5                     I will not set out at length the background of this matter.  I incorporate by reference my reasons for judgment delivered on 7 February 2007.  First, what those reasons disclosed is that the claims made by the applicant had no prospects of success at all and that the applicant properly advised should have known that this was the case.  Put shortly, he sought to pursue proceedings in tort against the respondents in respect of conduct said to have been engaged in by them in legal proceedings which resulted in costs being unnecessarily incurred by him.  However, he needed in the circumstances to have set aside an order for costs made in the Supreme Court of South Australia in those proceedings.  For as long as it remained on foot, the principle of res judicata applied to any attempt to bring the tort actions in question.  This was pointed out at length and on a number of occasions to the applicant and his advisers.  It was disregarded.  Second, the actual causes of action pleaded against the respondents were, as counsel for the applicant ultimately accepted, offensive and embarrassing.  Further, the Statement of Claim itself did not reveal the very cause of action which counsel for the applicant indicated he actually wished to plead.  The nature of the pleading was such as to put the parties to considerable effort and expense both to penetrate what was being said for the purposes of divining what may have been alleged against them and adequately to respond to the statement.  Third, in relation to all parties, the pleading made allegations of impropriety of purpose in the conduct of legal proceedings without anything which might indicate there was any reasonable prospect of success in relation to the making out of those allegations.  In particular claims were made impugning the professional integrity of the fifth respondent which, in the circumstances, were wholly offensive. 

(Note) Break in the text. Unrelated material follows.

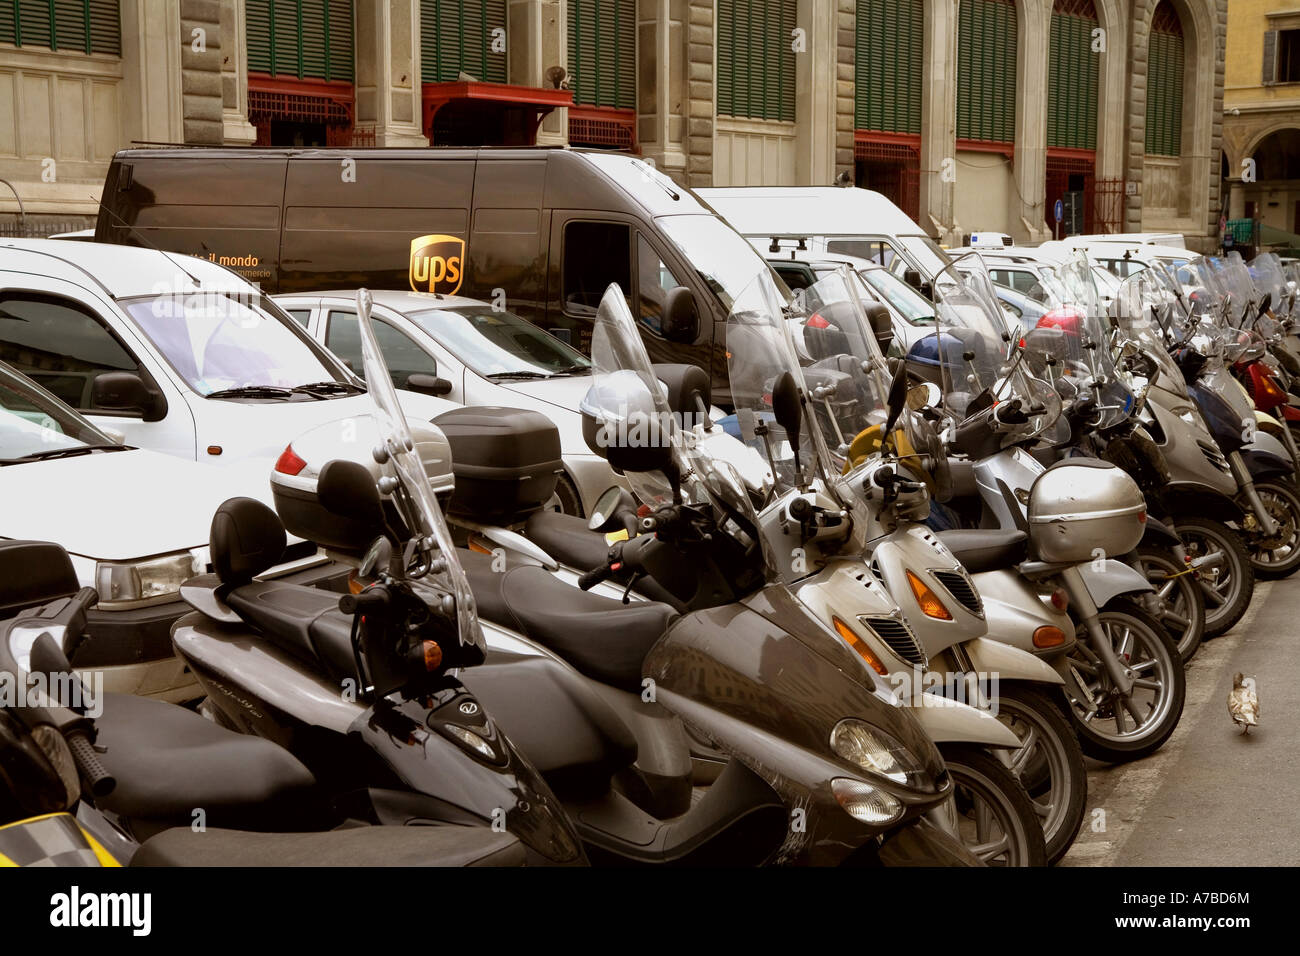 Camion de livraison d'UPS s'étire sur place parking entre les motos en stationnement en Florence Italie Banque D'Images

6                     I am satisfied that this is a matter in which it was unreasonable for the applicant to have subjected the respondents to the expenditure of costs in responding to the application.  The application was a hopeless one and ought never have been brought in the form it was.  The applicant may well have been badly advised.  This though provides no excuse for so imposing upon the respondents.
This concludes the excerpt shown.